A plank with m=0.12 kg and 50cm long has one mass of m1=0.11kg sitting on one end and a m2=0.055kg at the other end. Where should the pivot point be to balance the plank?
I figured the equation out
Xcg=(m1x1+m2x2+m3(L/2))/(m1+m2+m3)
m1 = 0.055kg
x1 = 0cm
m2 = 0.11kg
x2 = 50cm
for the plank you need to add
m3 = 0.12kg
and distance is L=50cm
it calculates to Xcg=29.825cm
To determine the pivot point where the plank will be balanced, we can use the principle of moments. The principle of moments states that for an object to be in rotational equilibrium, the sum of the clockwise moments must equal the sum of the anticlockwise moments.

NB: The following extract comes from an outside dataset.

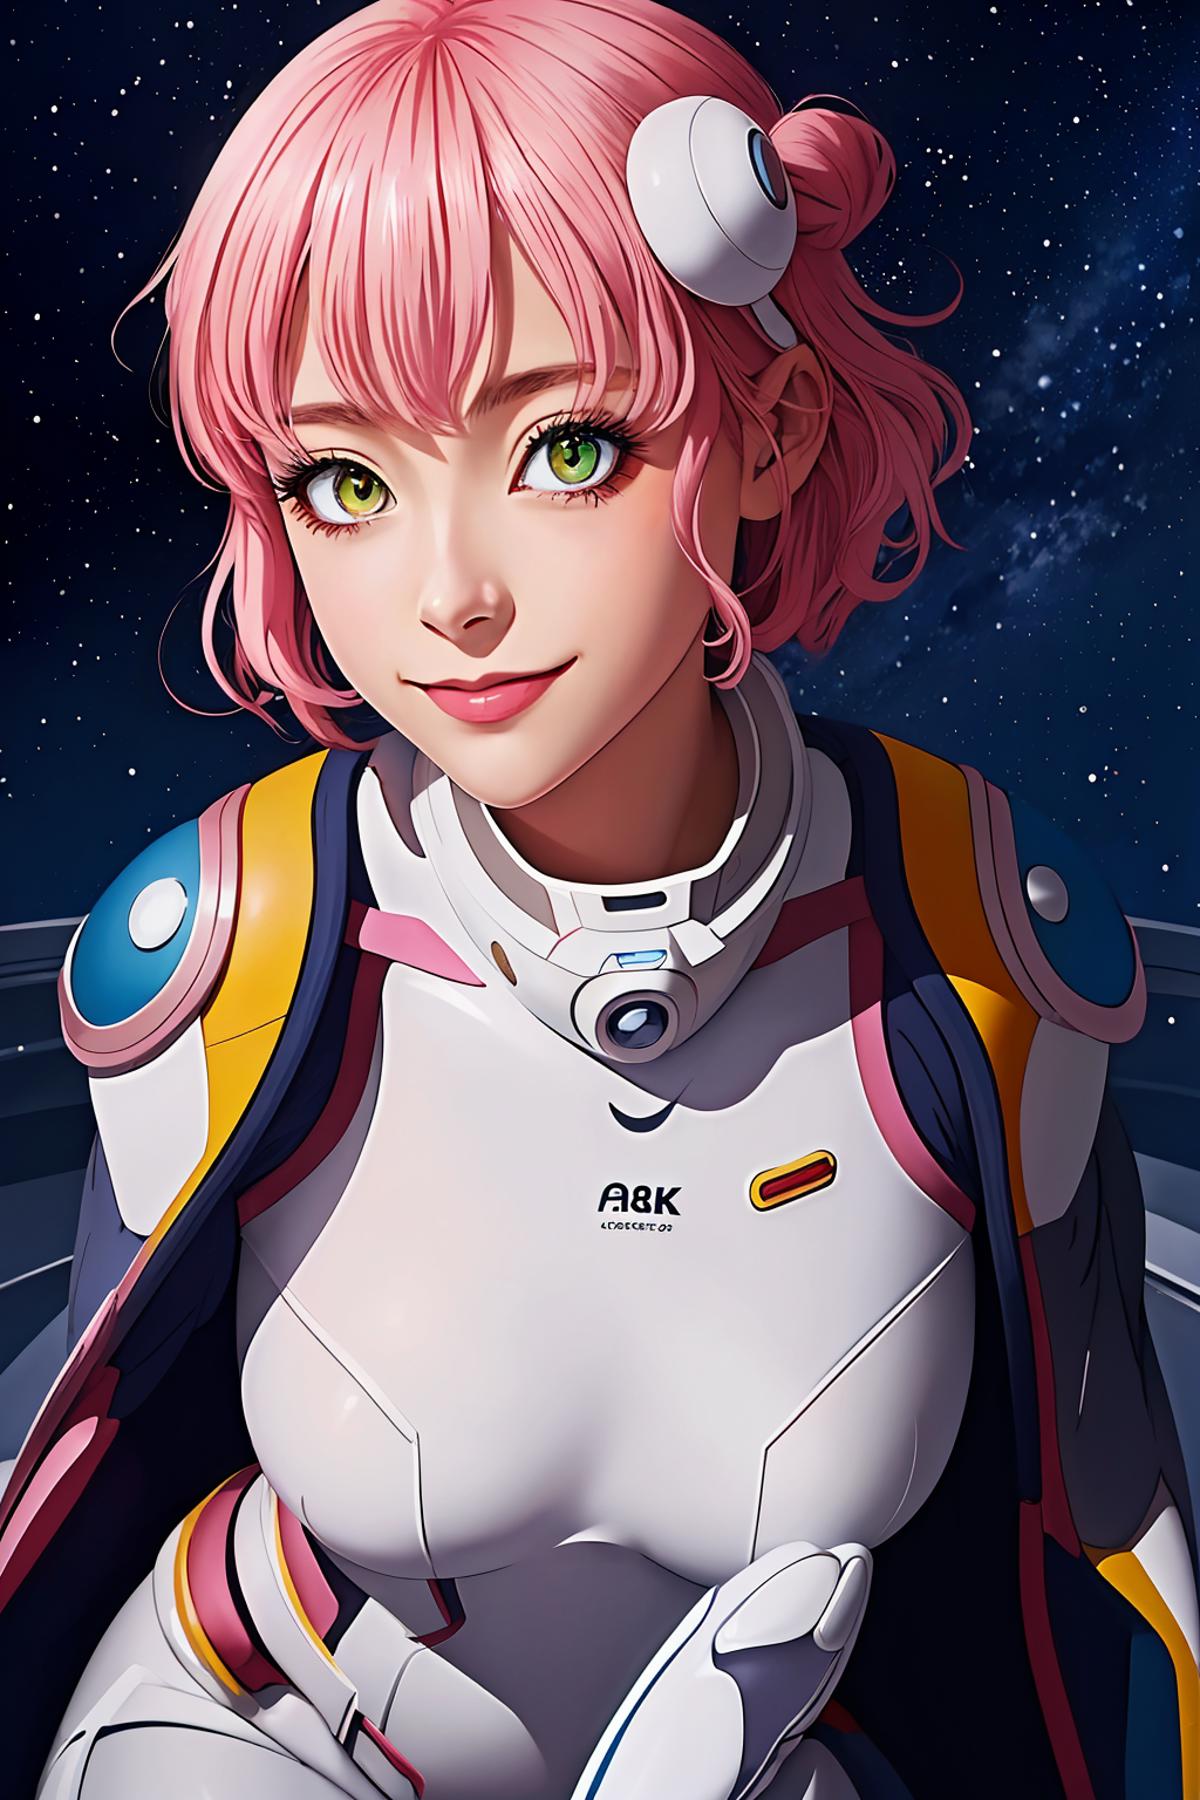 Aries Spring (Astra Lost in Space / Kanata no Astra) image by allureAI

In this case, let's assume that the pivot point is at a distance x from the end where the m1 is placed.
The weight of the plank itself can be considered to act at its center of mass. Since the mass of the plank is m = 0.12 kg and its length is 50 cm, the center of mass is located at the midpoint, which is 25 cm from both ends.
The weight of the plank can be calculated as follows:
Weight of plank (W_plank) = mass of plank (m) x acceleration due to gravity (g)

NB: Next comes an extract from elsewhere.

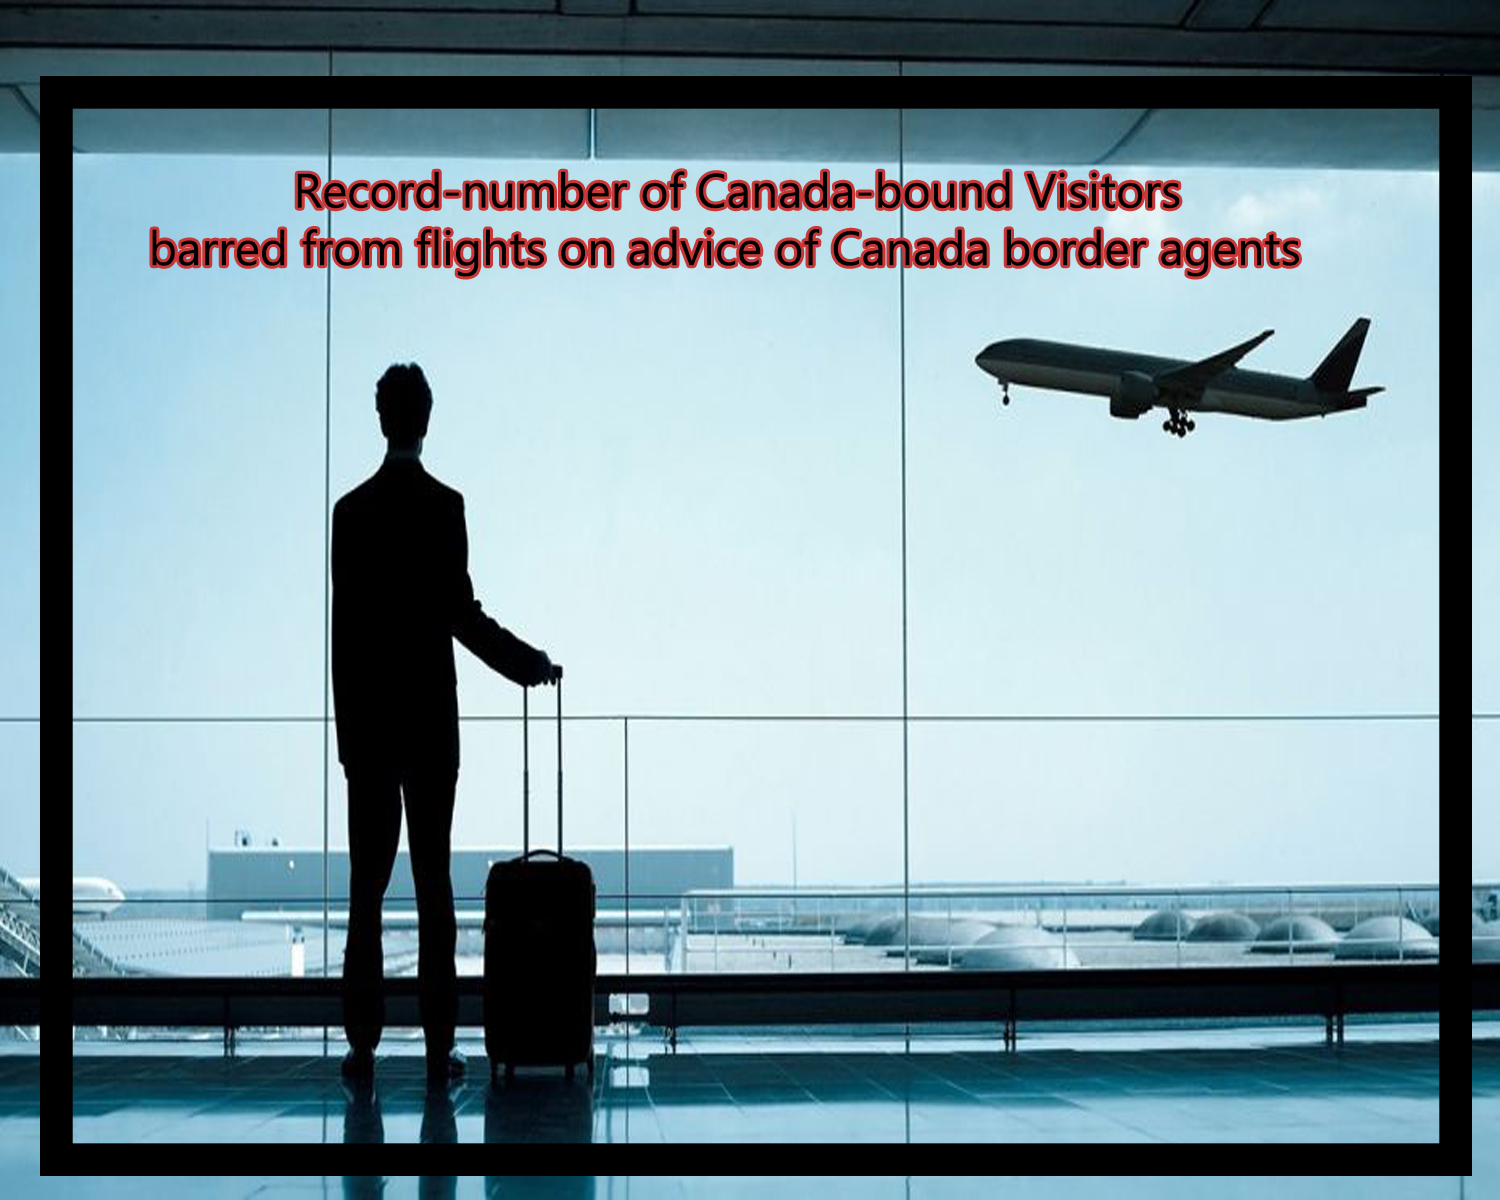 Record-number of Canada-bound Visitors barred from flights on advice of Canada border agents

W_plank = 0.12 kg x 9.8 m/s^2
W_plank = 1.176 N
Now, let's calculate the clockwise and anticlockwise moments:
Clockwise moments:
The moment due to m1 = m1 x g x (x - 50 cm)
The moment due to m2 = m2 x g x (x)
Anticlockwise moments:
The moment due to the weight of the plank = W_plank x (25 cm)
According to the principle of moments, the sum of the clockwise moments must equal the sum of the anticlockwise moments:
m1 x g x (x - 50 cm) + m2 x g x (x) = W_plank x (25 cm)
Substituting the known values:
0.11 kg x 9.8 m/s^2 x (x - 50/100 m) + 0.055 kg x 9.8 m/s^2 x (x) = 1.176 N x (25/100 m)
Simplifying the equation:
(0.1078 x (x - 0.5)) + (0.0539 x x) = 0.294
Expanding and rearranging:
0.1078x - 0.0539 + 0.0539x = 0.294
0.1617x = 0.3479
x ≈ 2.151 m
Therefore, the pivot point should be located approximately 2.151 meters from the end where the m1 mass is placed to balance the plank.